Solved – If logistic regression is a linear classifier why does it fail on linearly separable data

linear modellogisticmachine learningregressionseparation

Logistic regression is a linear model, decision boundary generated is linear.

If the data points are linearly separable, then why does Logistic regression fail? Shouldn't it perform better on data that is actually linearly separable?

Best Answer

If the data are linearly separable with a positive margin, so that it can be separated by a plane in more than two (so infinitely many ways), then all those ways will maximize the probability, so the model maximizing the likelihood is not unique. So what the iterative method used to maximize the likelihood converges to is not unique. In that sense the logistic regression is unstable.

But a well implemented algorithm will find one of those solutions, and that might be good enough. And if what you want is the estimated probabilities, they will be the same for all those solutions.

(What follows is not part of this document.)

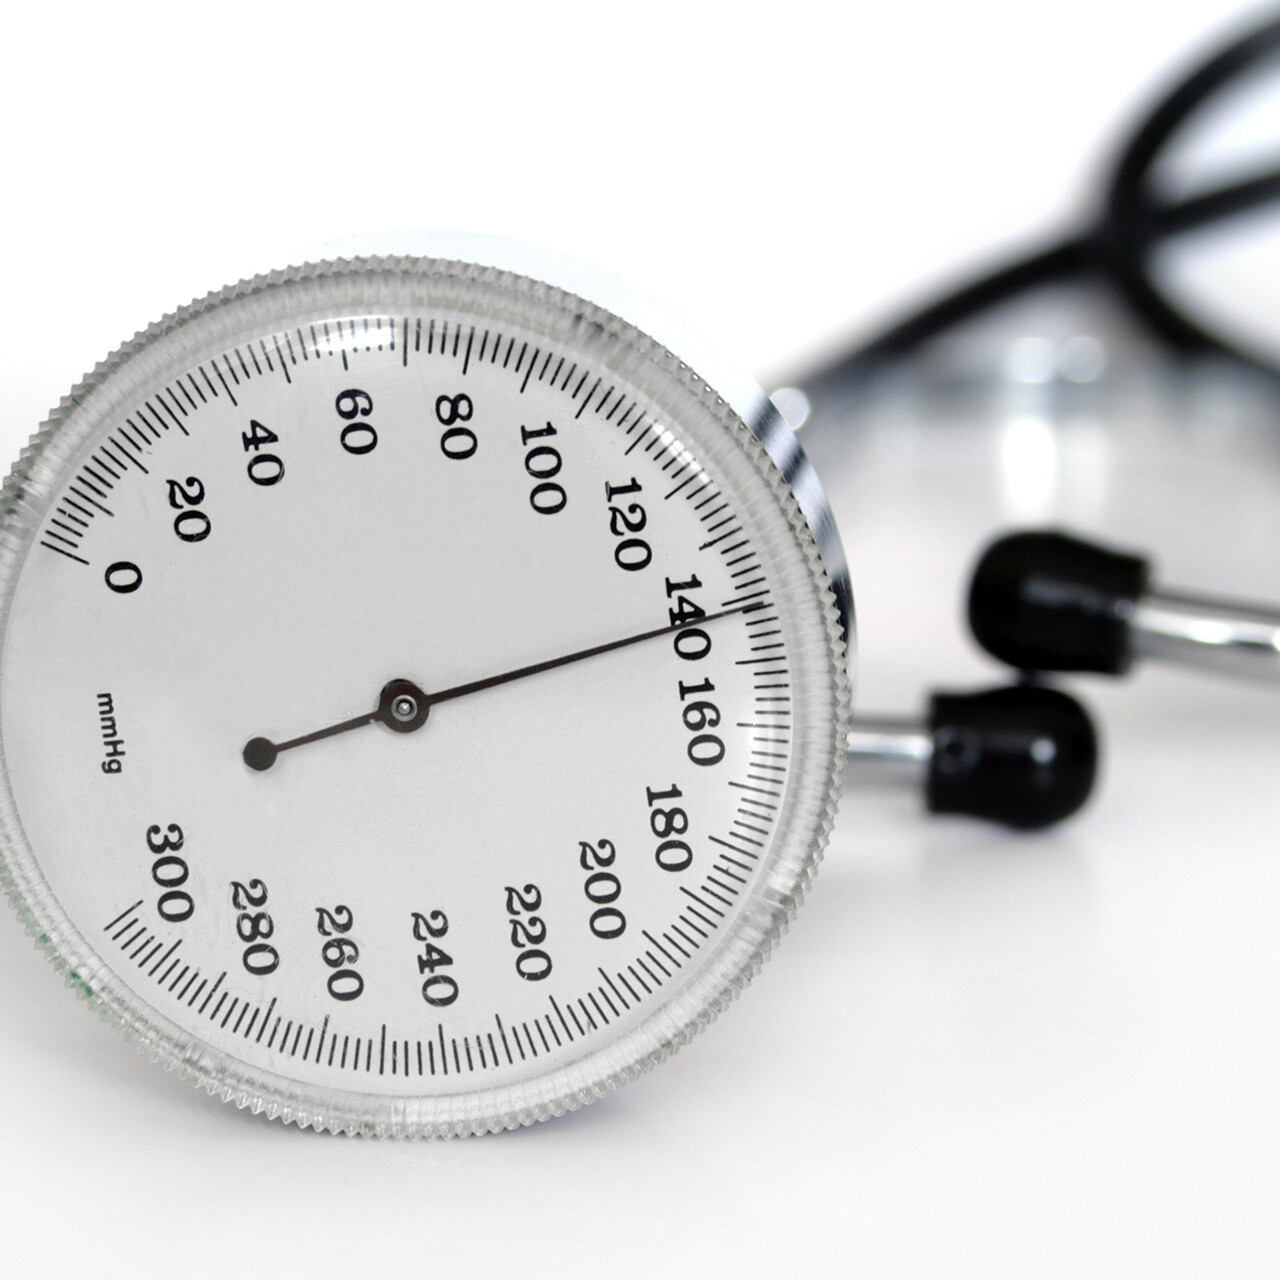 Hoher oder niedriger Blutdruck ist eine sogenannte objektive Pathologie, d. h. es gibt Instrumente, die das Ausmaß objektiv und genau messen können

So if your goal really is to find a separating plane with maximum margin, then logistic regression is the wrong method. If your goal is to estimate risk probabilities, the problem is another one: estimated risks of zero or one might be very unrealistic. So the answer to your question really depends on your goal, and you didn't tell us that.

About this question Brian Ripley in "Pattern Recognition and Neural Networks" says

We feel to much have been made of this. The difficulty is in inappropriate parameterization and the limits for infinite $\|\beta\|$ of the fitted posterior probabilities remain perfectly suitable fits, albeit sometimes predicting probability zero or one.

See Why does logistic regression become unstable when classes are well-separated? where all this is discussed with much more detail.